Toyota Confirms Limited Production of Electric RAV4 and Scion iQ in 2012
Toyota's chief executive in the US confirmed last week that electric versions of the Scion iQ and the Toyota RAV4 will enter the production cycle in 2012. The two electric vehicles have been promised for a couple of years, so hitting the delivery dates on time is good news. The bad news is how tentative the production numbers will be.
Toyota Motor Sales president and chief operating officer, Jim Lentz, told reporters at the 2012 Detroit Auto Show that both the electric iQ minicar and the battery-powered RAV4 SUV will be small-scale production vehicles and used to "gauge consumer preferences, usage patterns and daily requirements." In other words, Toyota will continue to sit on the sidelines and study EVs, while Nissan (and others) aim for the biggest possible volume for its electric vehicles.
Also speaking at the 2012 Detroit show last week, Carlos Ghosn, Nissan Motor chief executive officer, announced the automaker's 2012 US sales target for the Nissan LEAF: 20,000 units.
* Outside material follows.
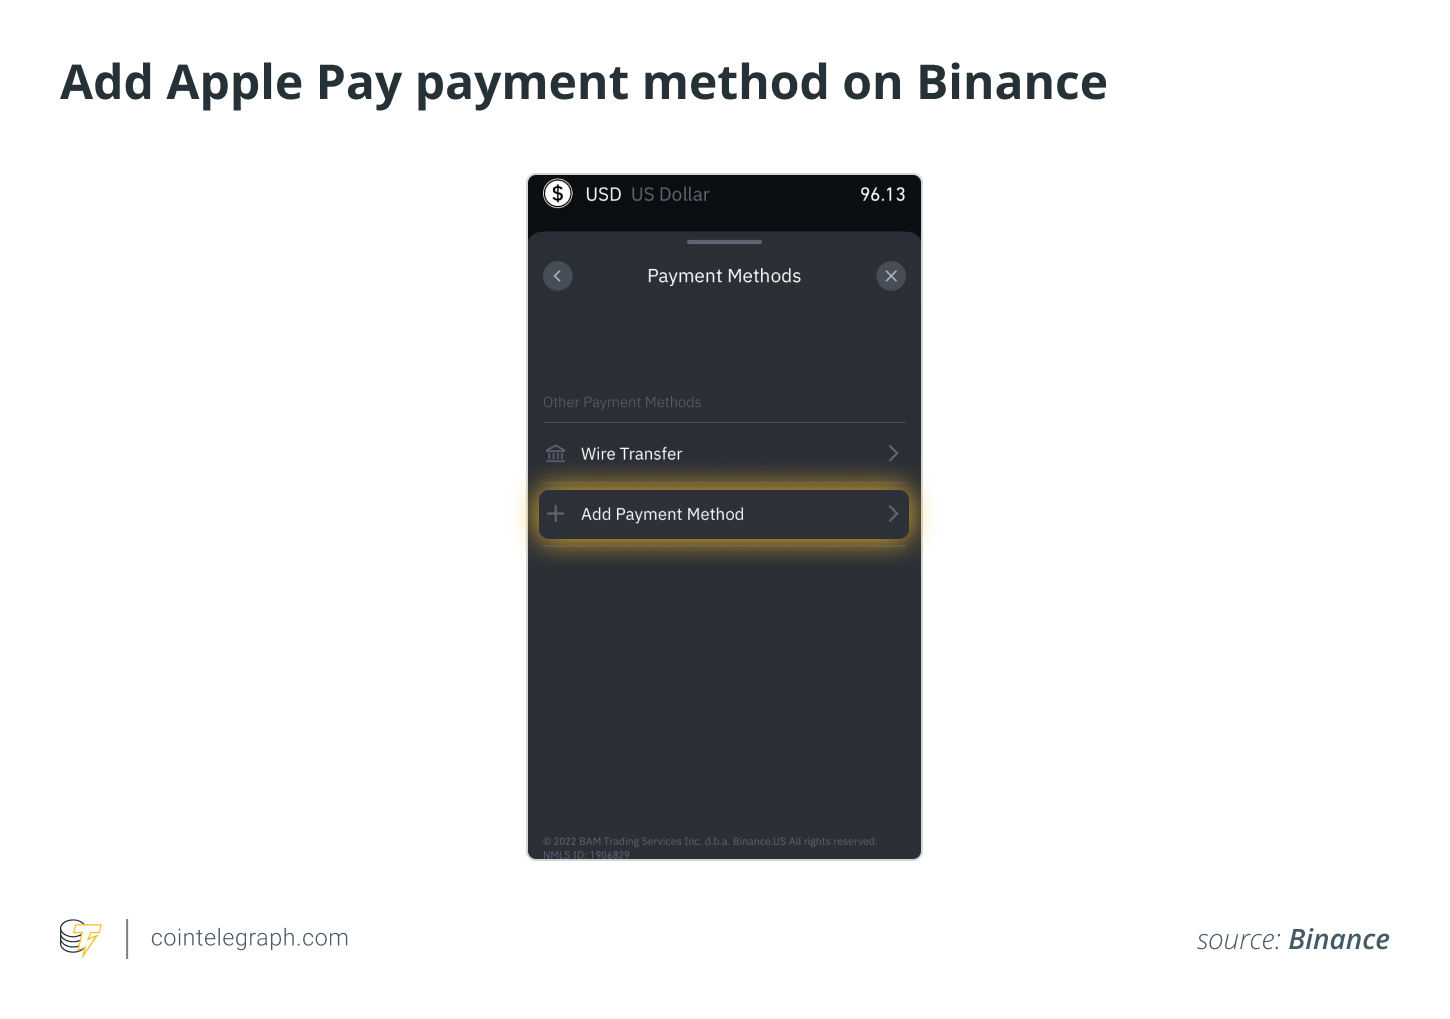 Add Apple Pay Payment Method on Binance

Ghosn told reporters that he expects LEAF sales to more than double in 2012, compared to the 9,674 LEAFs sold in the US in 2011. Nissan's electric hatchback initially launched in seven US states. That number now stands at 30-plus states, and will be nationwide by summer 2012. By the end of this year, Nissan will move some of its global LEAF production to Smyrna, Tenn.
Toyota's Lentz said the electrified Scion iQ will have a range of 50 miles or less, and that the minicar will be a fleet-only vehicle. It's expected that most of the 100 or so Scion iQ EVs will be sold to car-sharing programs in urban areas in the US.
Lentz also confirmed that the Toyota RAV4 EV will have a range that exceeds 100 miles. It will become the only all-electric SUV available in the US when it hits dealerships, mainly in California, later this year.
According to Lentz, gauging consumer preferences means that Toyota will "test" both electrified vehicles for three years, at which point the automaker will determine whether or not the technology is ready for mass production.